Just like with any foods, eating too many of one thing is not good. Moderation and balance is key. Ghee is beneficial in small amounts, lowering your body’s risk of cardiovascular disease. BUT, when used in excessive amounts, it RAISES your risk for heart disease. So, the important key is to stick to small serving sizes of these fats, even though they are healthy fats. A proper portion for Ghee would be 1-2 tsp or up to 1 TBSP on a piece of toast, used as a cooking/sautee agent, or added to baked goods. Just as you wouldn’t eat a stick of butter at once, don’t eat a ton of ghee at once! 1 tablespoon of ghee contains roughly 110 calories and 12.7 grams of fat. Always consume any types of fats in moderation.
☮ Where can I purchase ghee?
Want to try some ghee for yourself? Here are some great options:
*yes, they may seem expensive, BUT since you only should be using a tsp or TBSP at a time, it should last a while.

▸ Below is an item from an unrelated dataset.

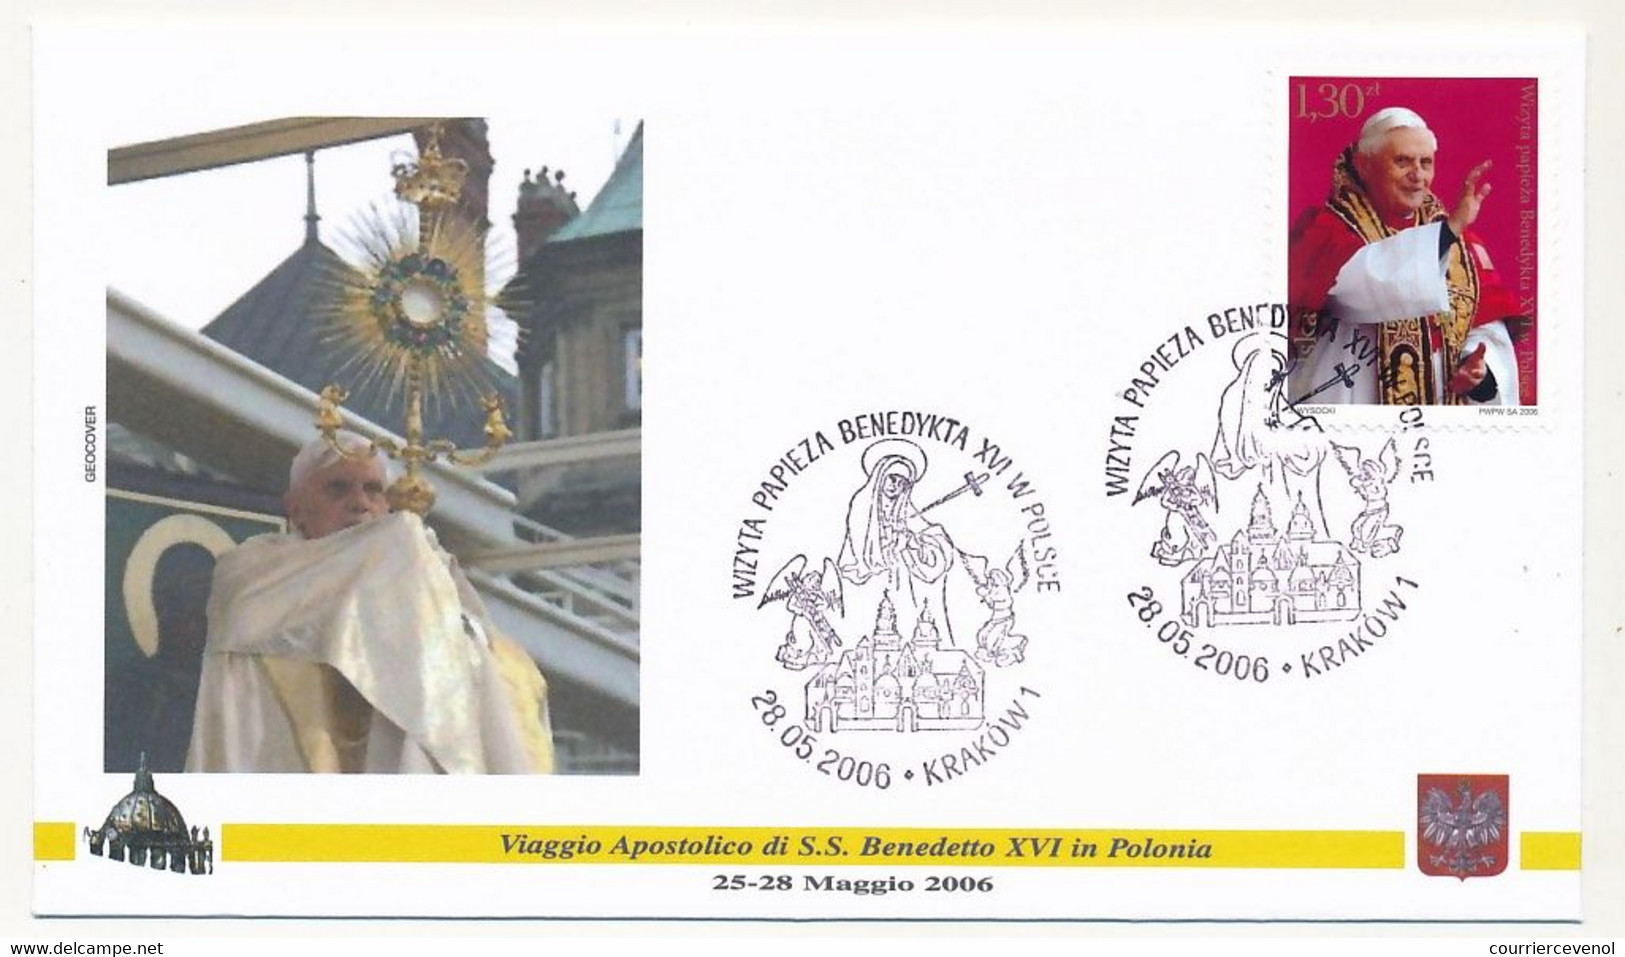 POLOGNE - 7 enveloppes illustrées - Voyage du Pape Benoit XVI en Pologne - Mai 2006 - dont Auschwitz-Birkenau

Ghee is also more shelf-stable than butter and keeps for a while (no need for refrigeration!).
Here’s an example of a daily meal plan with a healthy amount of fats:
Breakfast: Green Smoothie: 1 handful of spinach or kale, 1/2 frozen banana, handful of frozen pineapple pieces, water or unsweetened almond milk, and 1 scoop of protein powder.
Snack: 1 container of low-sugar greek yogurt with 1 tsp ground flax or chia seeds.
Lunch: Large leafy green salad filled with tomatoes, cucumber, celery, carrots, 1/4 avocado sliced, and olive oil viniagrette.
Snack: Handful of fresh fruit and whole grain crackers or air popped popcorn (100% whole grain!).
Dinner: 1 palm-sized piece of baked salmon, 1/2 cup of brown rice with a dash of sea salt and black pepper, and 2 cups of fresh veggies sauteed in 1 TBSP ghee (broccoli, peppers, onions, mushrooms, kale, etc!)
Just like sugar, fat isn’t healthy for our bodies in high amounts. In smaller, moderate portions these types of fats are beneficial, though! Switch to more natural, real forms of animal products rather than trans-fat containing “lower-fat” products (i.e. margarine) to keep your body healthy and strong.